Today is Langston Hughes’ 113th birthday.
Read his work, and listen to the beautiful settings of his powerful poetry by my friend, teacher and mentor, William Averitt.
I was a college senior, and remember well Will playing excerpts of Afro-American Fragments as he was composing the piece. Some friends and I attended the premiere performed by Winchester Musica Viva and were so floored by the energy of the music (which began with Hughes’ poetry), that we forgot it was composed by someone we know. The importance of the first of Will’s three Hughes cycles, Afro American Fragments, in my life is that it tacitly gave me permission to incorporate the more jazz- and rock- influenced writing I had done when I was younger into the more classically organized writing Will encouraged me to pursue. (I should add that Will never denied me my jazz and rock roots as they play into what I was writing; I just thought that I should follow a more classical path for a while…)

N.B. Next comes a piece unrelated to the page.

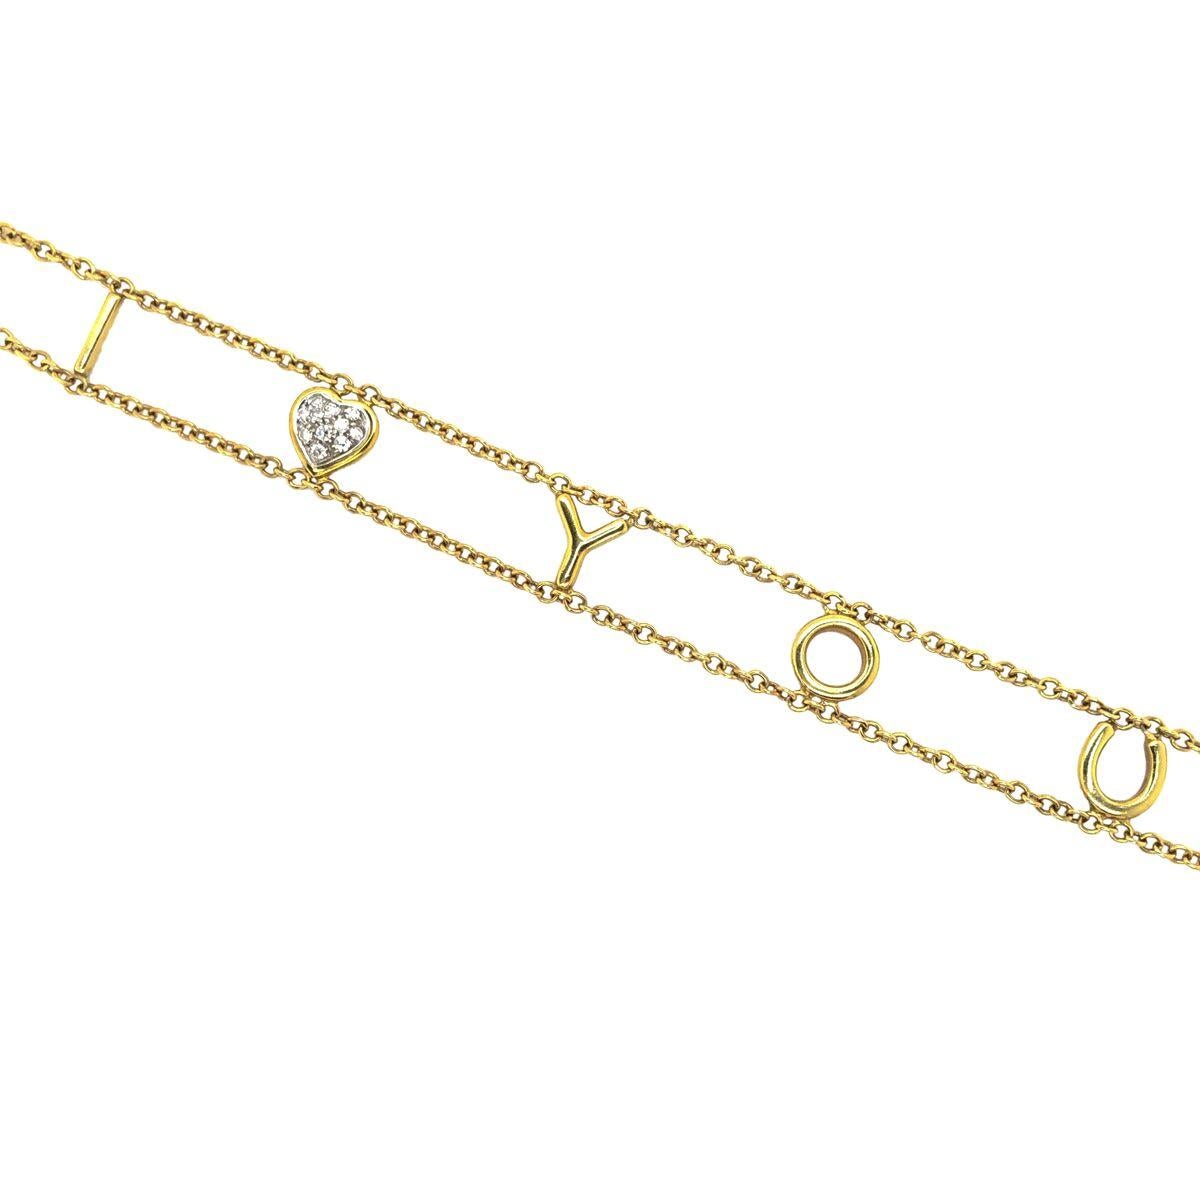 Round Cut 18 Karat Yellow Gold I Love You Chain Link Bracelet For Sale

Almost a year ago, Will and Frances Averitt came to visit Potsdam for a short residency and to hear a performance of the third cycle (The Dream Keeper) performed by the Hosmer Choir, conducted by Jeff Francom at The Crane School of Music. I listened to my teacher – roughly 24 years after the premiere of Afro-American Fragments discuss the piece with the choir, coach the pianists, and answer questions about the piece. I recalled the joy of my own experience hearing Will’s choral music for the first time as I watched the students – some of them mine – in the choir rehearse, perform, and talk to Will about his influences and compositional process.
But aside from my personal and sentimental feelings toward this work: William Averitt’s three choral cycles on Langston Hughes’ poetry are an amazing body of music: as profound as accessible, and a beautiful tribute to one of America’s greatest poets.